Copilot: Ah, the Porsche K1 and the legendary Panzerkampfwagen VIII "Maus"—a delightful juxtaposition of luxury and military engineering. Let’s crunch some numbers and have a little fun with this extrapolation. [... ] If Porsche’s flagship SUV weight grows exponentially at ~1.29% per year, it would match the Maus tank’s mass in the year 2336 AD.
(Score: 2) by ledow on Friday September 26, @07:23AM (1 child)
The name Porsche alone is no longer enough to quadruple your prices.
Ford sell Mustang Mach-E for not much more than their cheapest EV.
And with electric cars, Porsche's "performance" is basically removed from consideration. Many EV are capable of being "faster" (accelerating) than any Porsche ever made, they're just software-limited at best.
But it's not just Porsche... it's all the traditional manufacturers from Ford to BMW to luxury sportscars.
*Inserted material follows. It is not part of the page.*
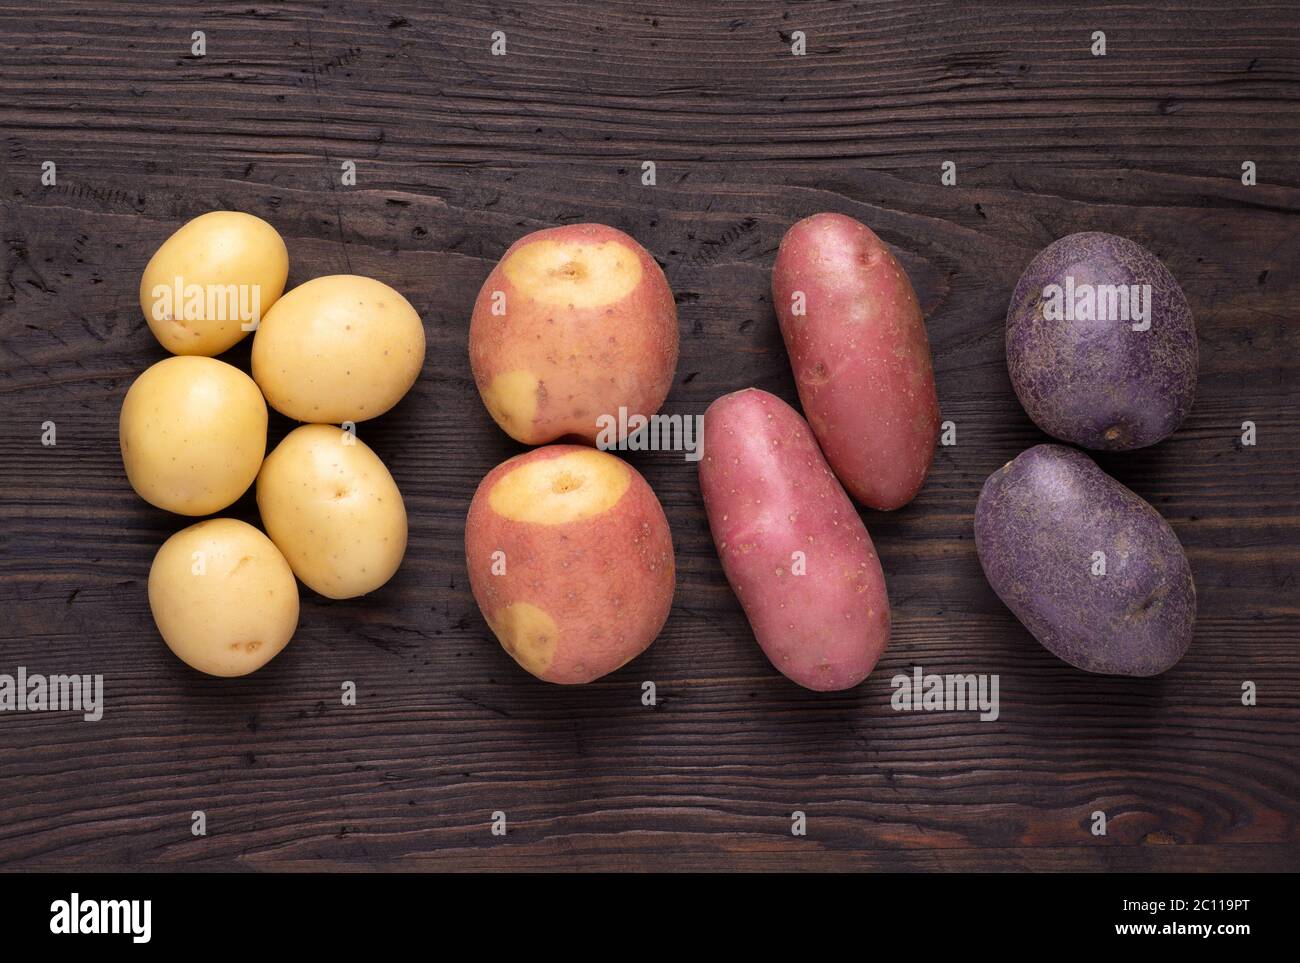 Différents types de pommes de terre sur table rustique en bois sombre Banque D'Images

They all seem to think, Kodak-like, that this fancy new technology will just go away and people will continue to buy millions of dinosaur-burning vehicles in perpetuity.
Meanwhile, cars that 10 years ago I had never heard of have stolen that market right from under them. Not because they older, bigger companies couldn't compete... but because they just don't bother. They're stuck in the days of thinking governments can't afford to lose the manufacturing so they'll bail them out... but there's no HINT of that on the horizon.
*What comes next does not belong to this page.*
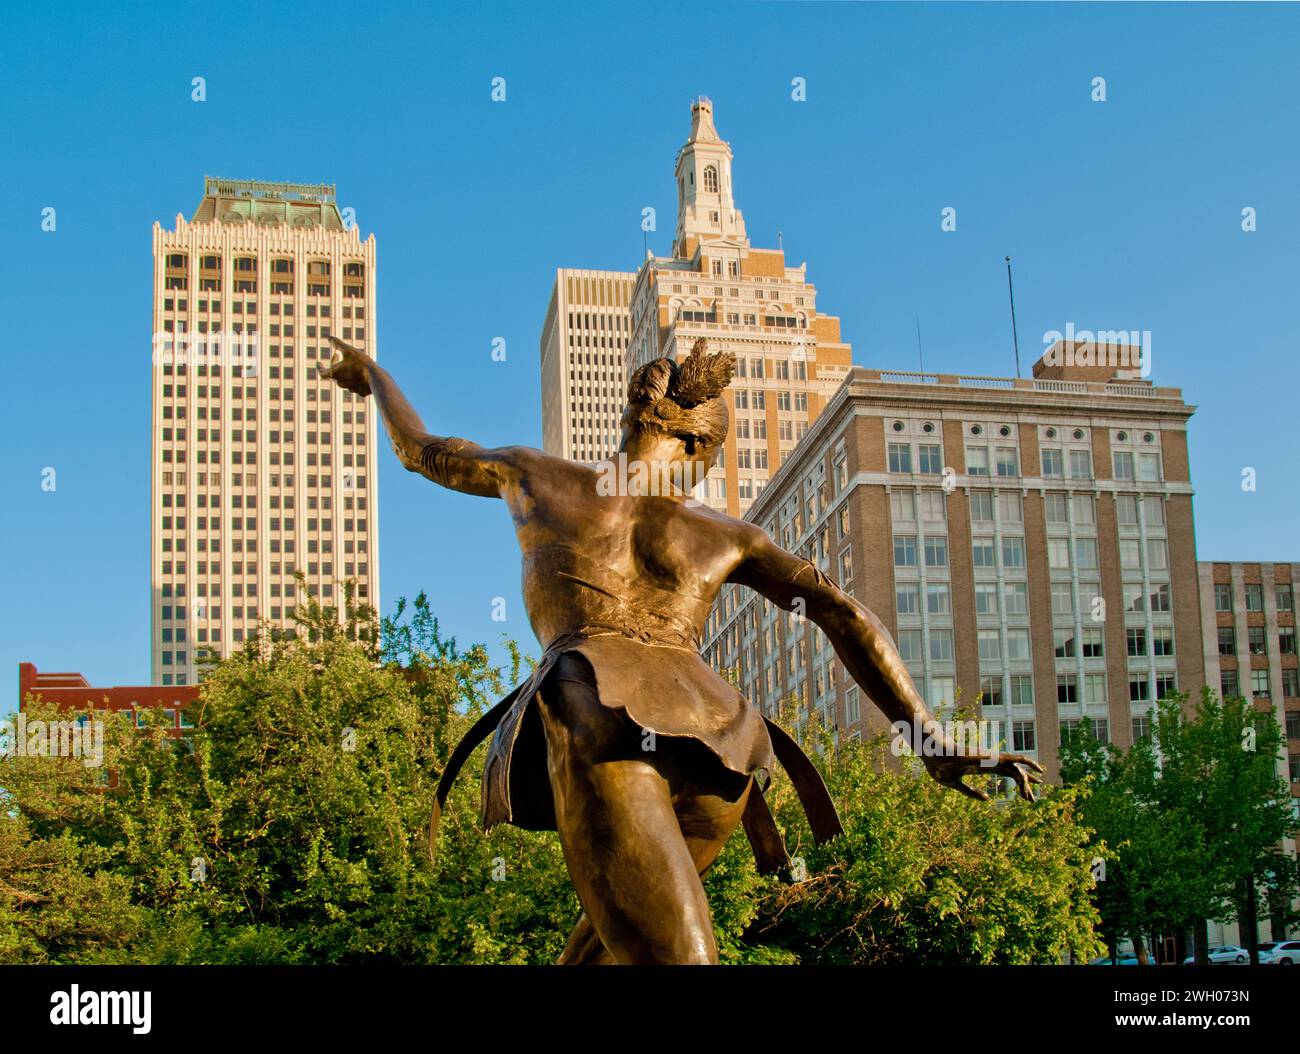 La statua della "ballerina indiana dell'Oklahoma" (di Jay o'Meilia) commemora le carriere di cinque ballerine indiane dell'Oklahoma acclamate a livello internazionale Foto Stock

We're literally seeing 100+ year old companies rest on their laurels and destroy their businesses because of some Luddite thinking that permeates their whole product ranges, while upstarts are coming in and selling 8 cars to every one of Porsche (in terms of volume and price!). It's the dumbest thing ever.
I get holding back, I get having to retool, I get trying to preserve and maximise the value of your existing patents, etc. but we're now in the "when are you going to BOTHER to try properly?" stage for all the manufacturers that people had ever heard of 20 years ago.
(Score: 2) by mcgrew on Monday September 29, @04:02PM
Ford sell Mustang Mach-E for not much more than their cheapest EV.
Nobody (outside China, perhaps) makes inexpensive EVs! The only reason they put electric motors in automobiles at all is because of fleet emissions maximums mandated by governments. The only EVs are luxury cars and muscle cars.
The reason is the dealer to junkyard gravy train on maintenance. The EV's drive train needs no maintenance, the piston drive train is an inefficient, unreliable Rube Goldberg device with thousands of moving parts and constant needed maintenance. It is so inefficient that Google says an EV will go twenty miles on the electricity it takes to refine a gallon of gasoline!
And with electric cars, Porsche's "performance" is basically removed from consideration. Many EV are capable of being "faster" (accelerating) than any Porsche ever made, they're just software-limited at best.
True. My EV is a Hyundai sedan, at $50k the most expensive car I ever bought, but it's a run of the mill luxury sedan (EVs are far roomier than even a larger gasoline car) but it does the quarter mile in less than fourteen seconds, five seconds faster than a police car.
We're literally seeing 100+ year old companies rest on their laurels and destroy their businesses because of some Luddite thinking that permeates their whole product ranges, while upstarts are coming in and selling 8 cars to every one of Porsche...
This is nothing new, it's a repeat of the 1920s when cars took over from horses, for pretty much the same reason. The only buggy maker that successfully transitioned to automobiles and was still around in my lifetime was Studebaker. My car is to every other car I've ever driven what a Model-T was to a horse.
What I can't understand is why the Fiskers and other new EV makers aren't advertising their many advantages? I bought my EV so I wouldn't have to babysit it in the freezing, windy snow and was astounded at just how much better all around it is. I never realized what a pain in the ass internal combustion vehicles were, and I've been driving them since 1968.
What did you expect when you voted for a convicted felon, peace and rainbows?